■ **INFORMATION SHOWN**
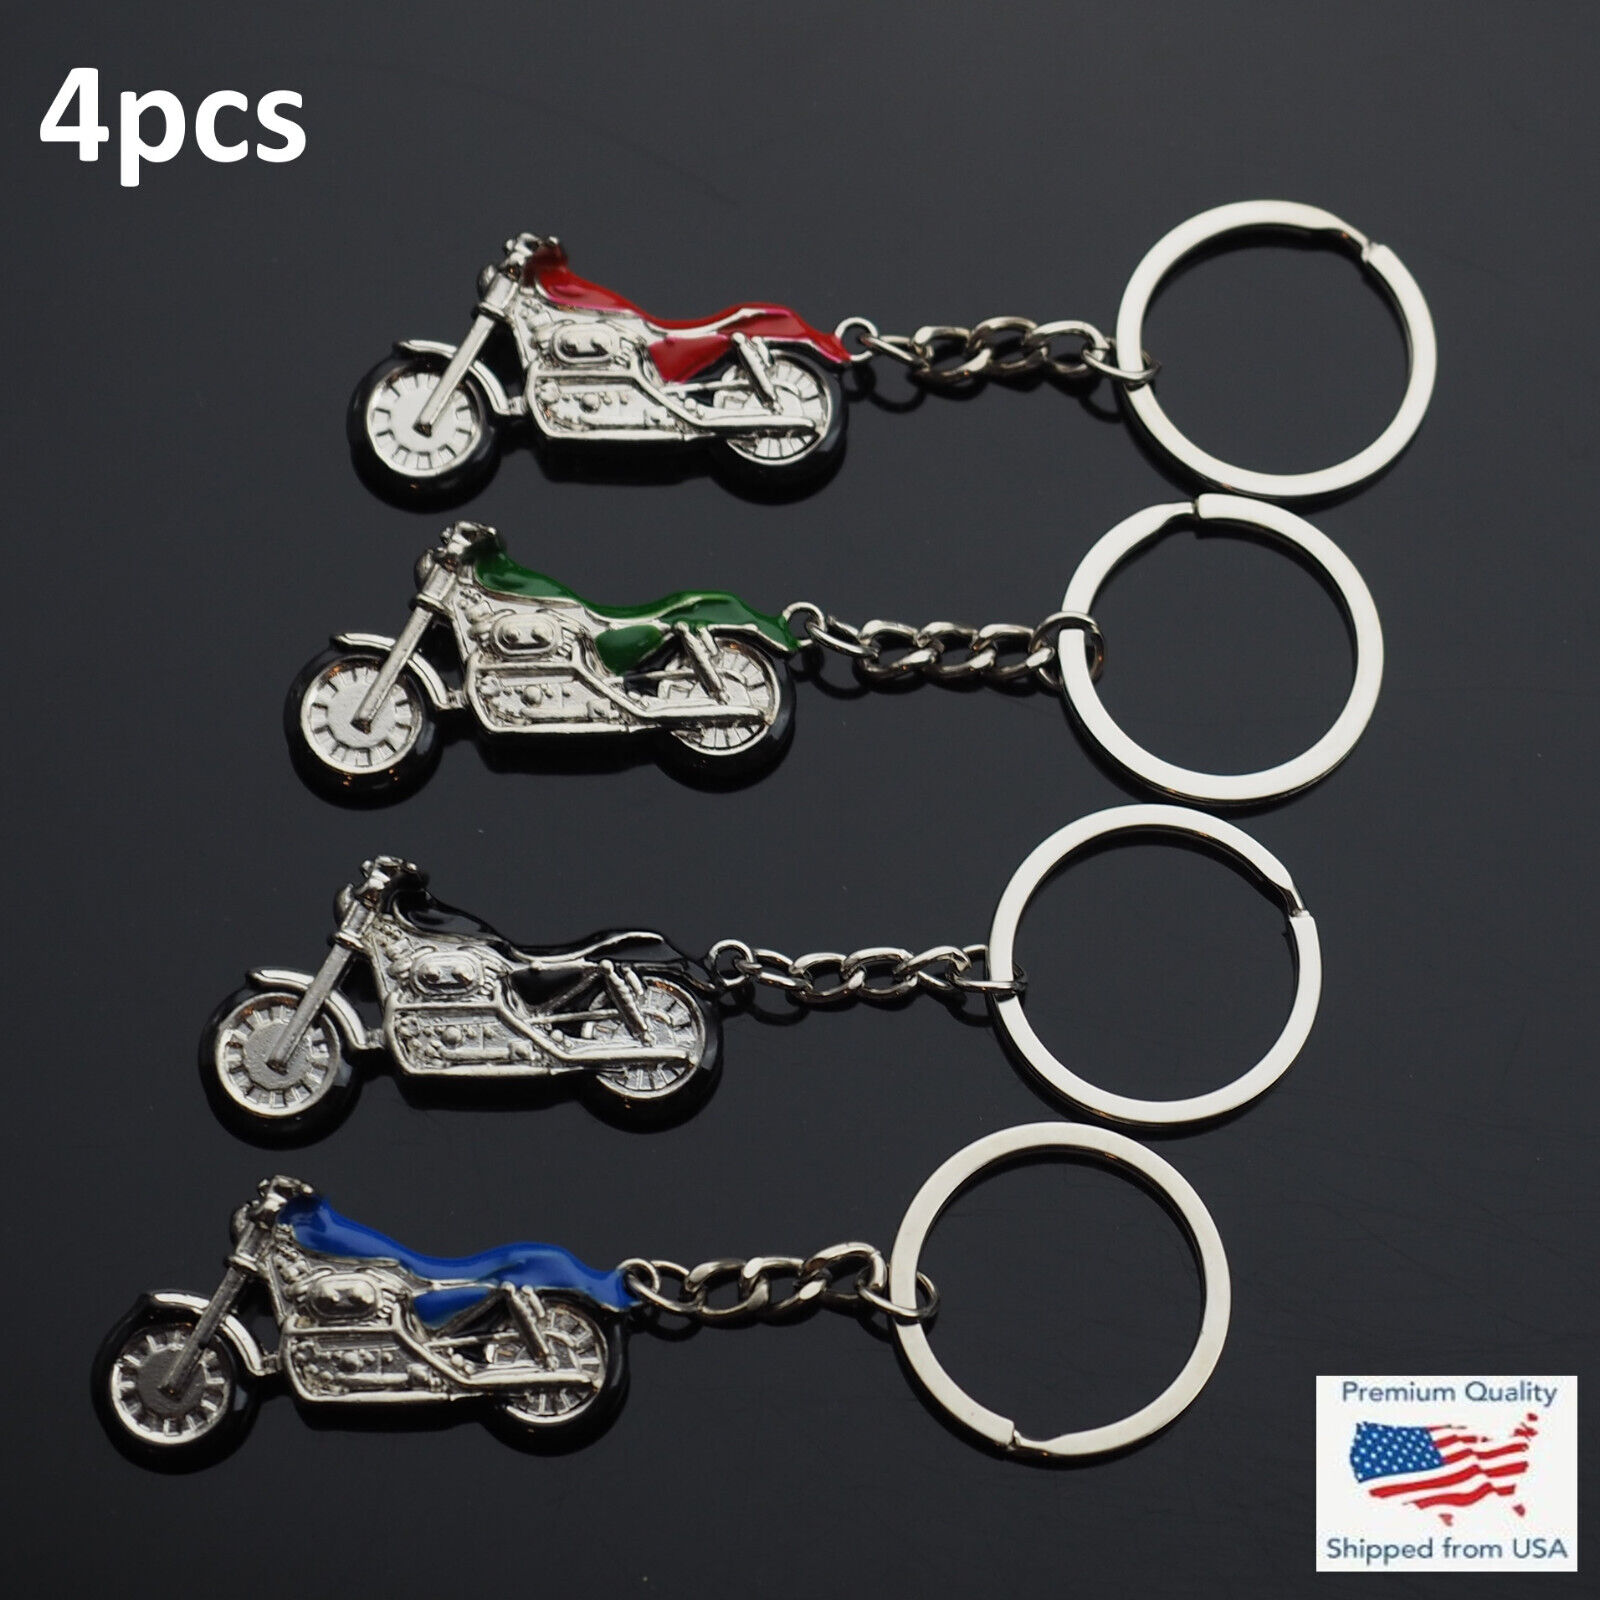 4pcs - 3D Simulation Model Motorcycle Keychain Key Chain Ring Keyring - 4 Colors
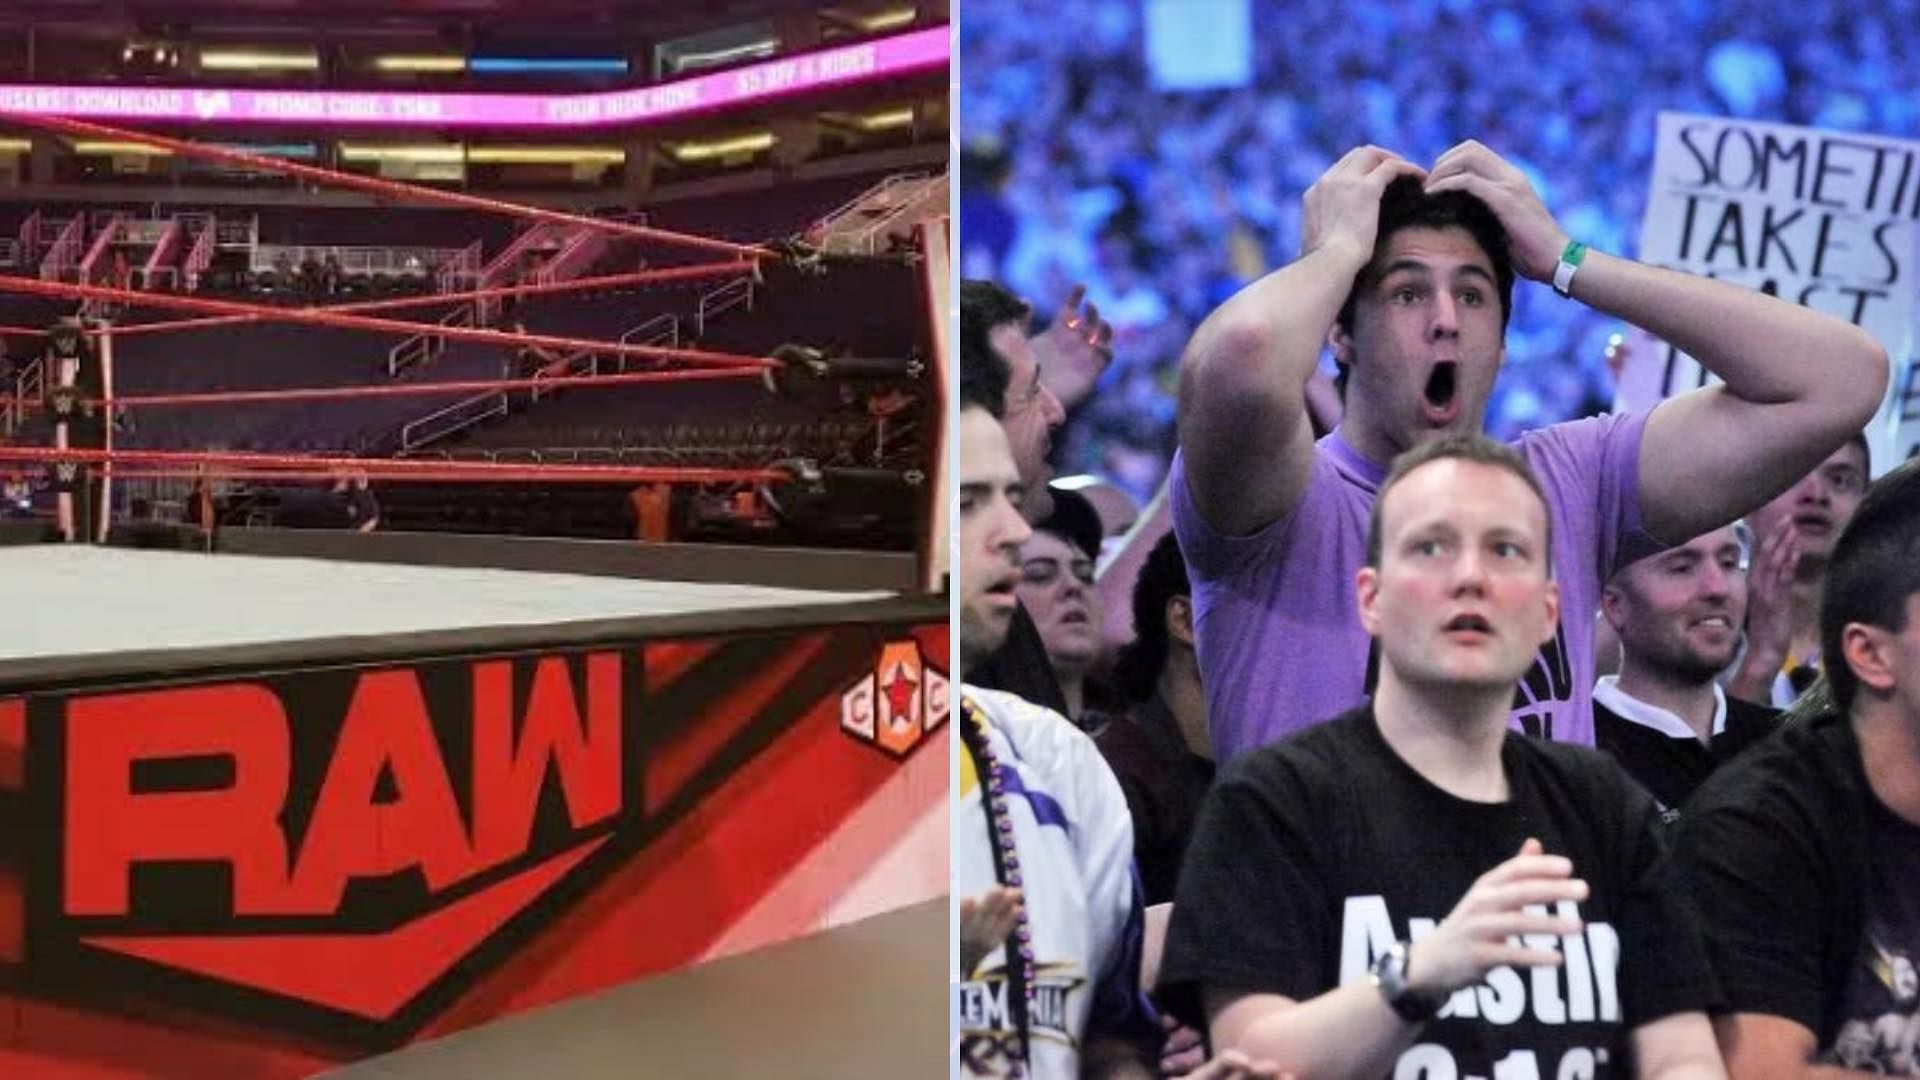 WWE RAW this week was live from the Van Andel Arena in Grand Rapids, Michigan
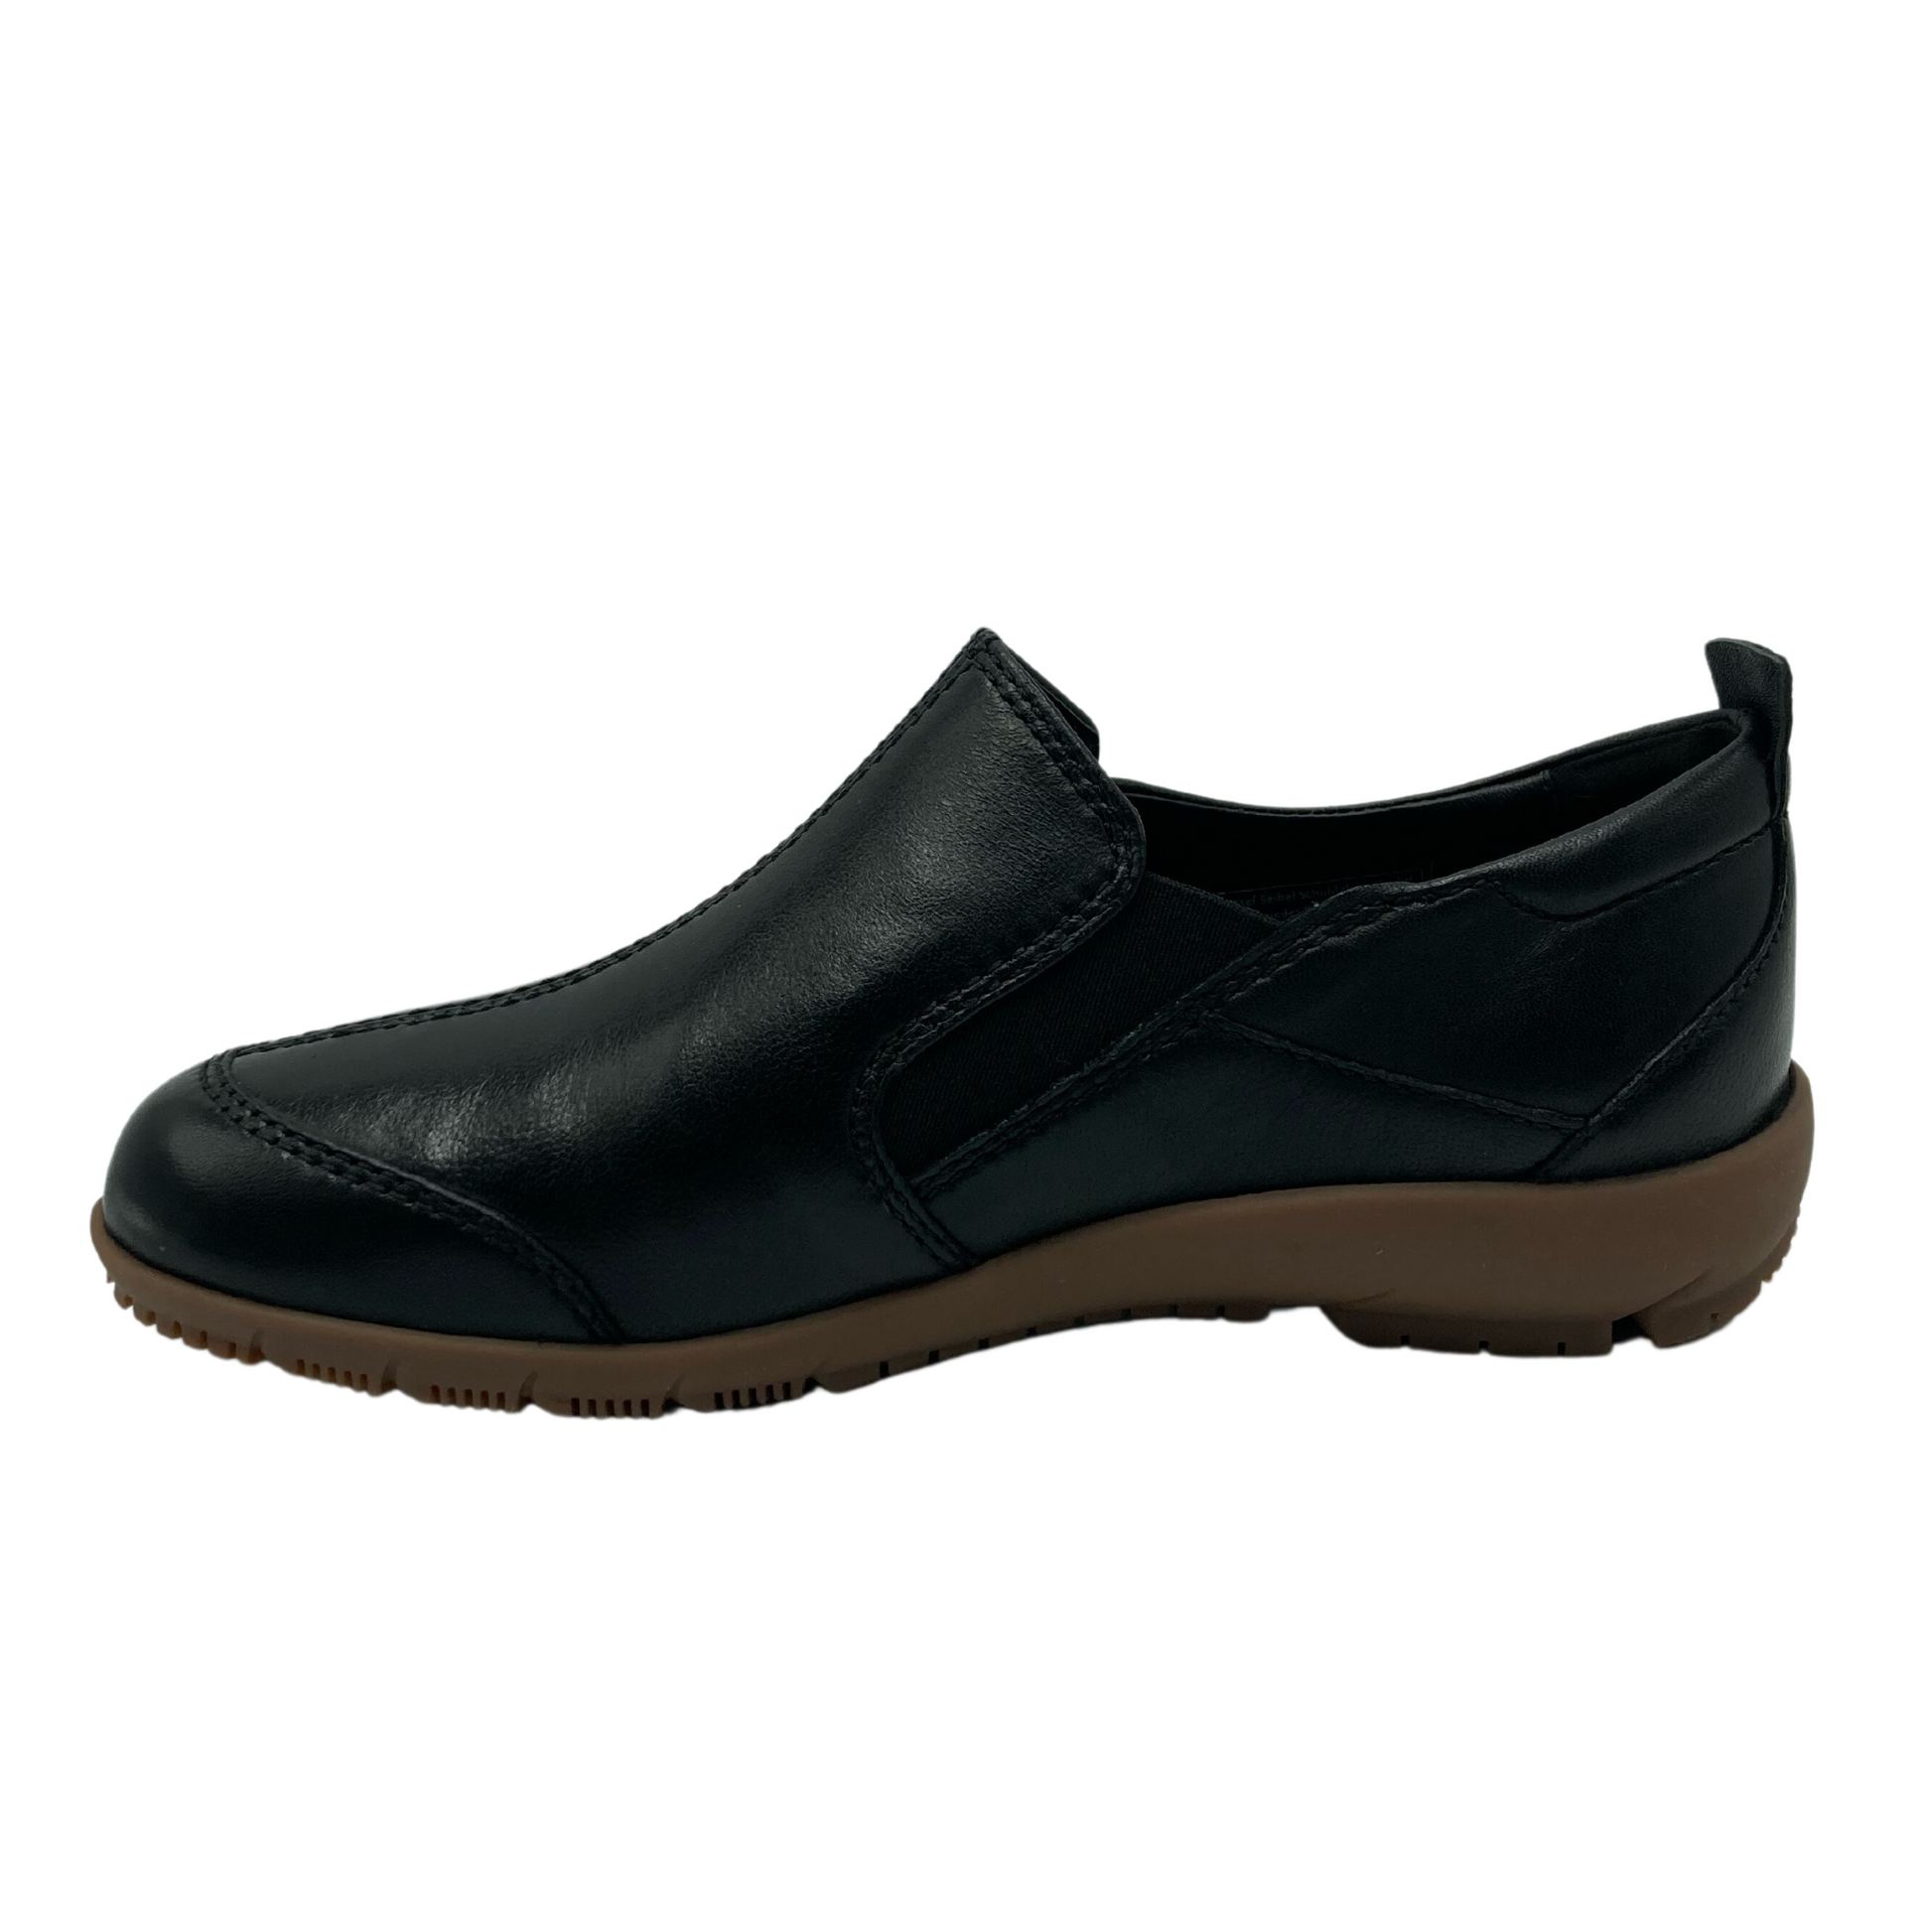 Left facing view of black leather shoe with elastic side gore and brown rubber outsole

■ **EXERCISE AIM**
Return the full set of lines above word for word and with no pictures.

■ **ANSWER TO THE PROBLEM**
 4pcs - 3D Simulation Model Motorcycle Keychain Key Chain Ring Keyring - 4 Colors
 WWE RAW this week was live from the Van Andel Arena in Grand Rapids, Michigan
 Left facing view of black leather shoe with elastic side gore and brown rubber outsole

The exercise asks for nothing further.